Sentachan Mine
- Interactive map of Sentachan Mine
- Location: Sentachan, Sakha Republic, Russia; 66°27′54″N 136°55′03″E﻿ / ﻿66.465°N 136.9175°E;
- Products: Antimony, gold
- Opened: 1989
- Company: GeoProMining

= Sentachan Mine =

Mine in Sakha Republic, Russia

The Sentachan Mine is an antimony and gold mine in the Sakha Republic, Russia. It is estimated that more than 110000 tonne of the ore remains, with around 20 to 25 percent antimony content as well as gold, silver and arsenic. The deposit at Sentachan was discovered in the 1960s and open-pit mining began in 1989; underground mining has been done since the late 1990s. In the 2020s, work was carried out to construct an ore processing plant on the site.

==Ore==
The antimony-bearing ore deposit at Sentachan is an offshoot of the Sarylakh deposit, located around 400 km to the south-southeast. The quartz-stibnite lodes were deposited in hydrothermal veins up to 6 m thick. The veins are held within Triassic sedimentary rock beds (sandstones, siltstones and shales), with granite inclusions. The geology shows that the area was subject to volcanic activity.

The Sentachan deposit, taken with the Sarylakh ores, is the largest antimony deposit in Russia, comprising perhaps 5% of the world antimony supply. Estimates of quantity and quality of the ore remaining at Sentachan vary between 110000 tonne and 180000 tonne and an antimony content of between 20 and 25%. The gold content of the ore has been estimated at between 32 and 38.2 grams per tonne and the silver content at 13.4 grams per tonne. The deposits also contain harmful quantities of arsenic.

==Extraction==
The ore deposits were discovered in the 1960s and extraction began at Sentachan in 1989. Initially the ore was removed by open-pit mining at some point between 1997 and 2000 extraction switched to underground mining.

The Sentachan and Sarylakh mines are the only two locations in Russia that extract antimony. The mineral rights to both are owned by GeoProMining; the Sentachan mine is operated by the company's Zvezda & Sarylakh subsidiary. By 2015 the two mines were the main suppliers of antimony to the Commonwealth of Independent States; gold was extracted as a by-product. In 2000 it was estimated that there remained sufficient ore to continue extraction at Sentachan for another 30 years.

In 2016 the industry news site Mining.com ranked Sentachan as the second coldest operational mine in the world with a minimum average temperature of -45.8 C. The site lies 700 km from the nearest town and in 2013 was reported as being accessible only by helicopter and, in the winter (February to April), by ice road. The ice road runs along the Elgi and Adycha rivers and is used to transport ore from the mine, and to bring in diesel and other supplies. It was reported that milder winters were threatening the continued use of the ice road.

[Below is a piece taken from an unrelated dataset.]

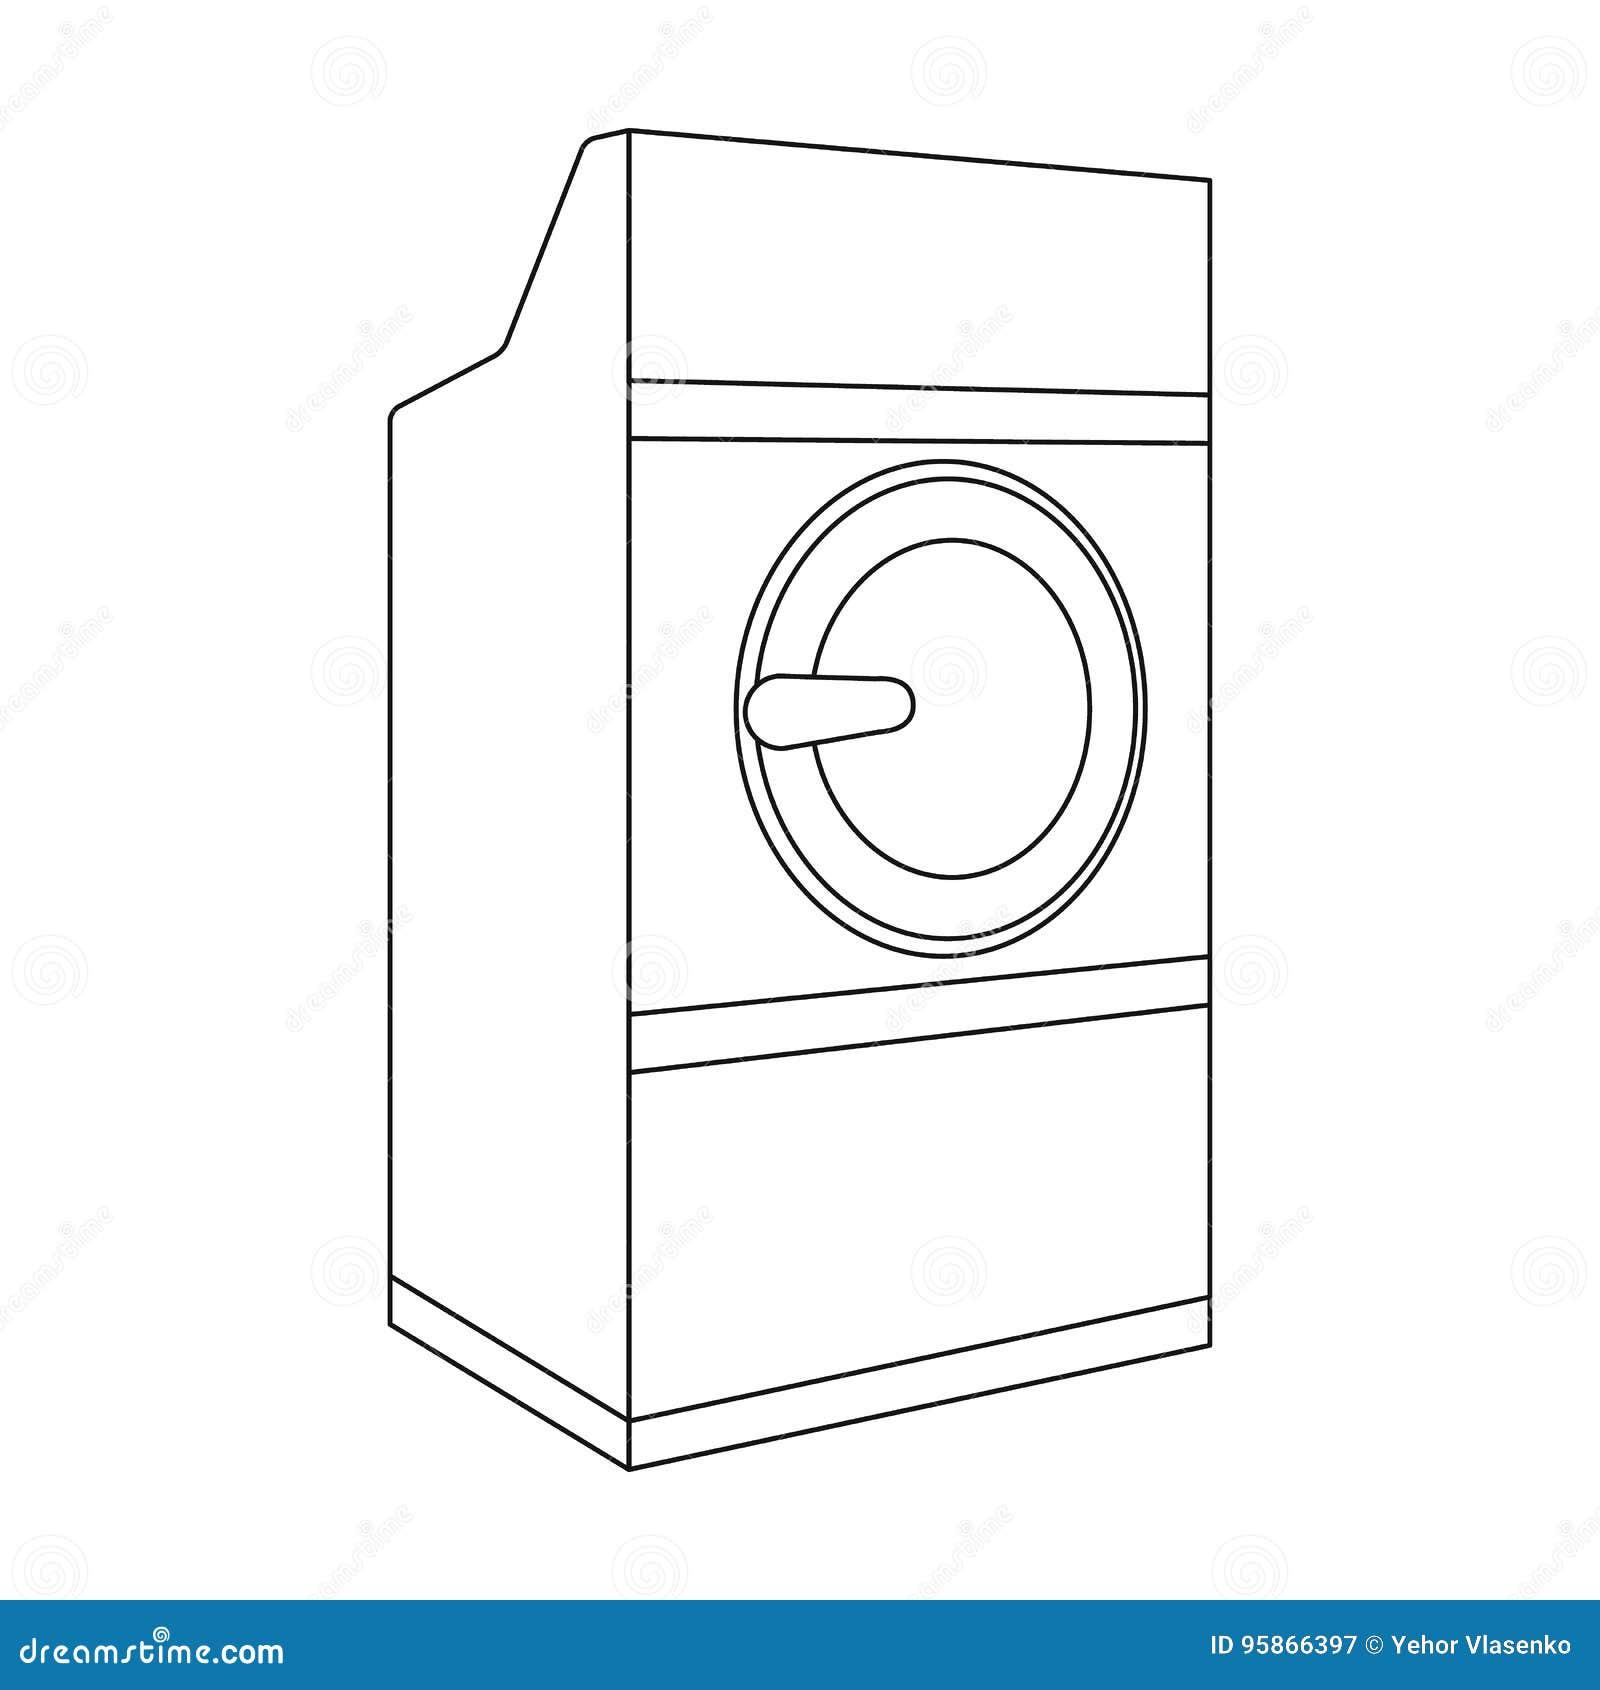 Industrial washing machine dry cleaning single icon in black dry cleaning single icon in black style vector symbol stock illustration web buycottarizona Choice Image

By 2020 Russian billionaire Roman Trotsenko had become an investor in GeoProMining and helped finance a new ore processing plant at Sentachan. This would allow minerals to be extracted on site rather than the ore having to be transported to Sarylakh for processing. In May 2022 a fire broke out at Sentachan which destroyed a dormitory housing construction workers. There were no fatalities or injuries.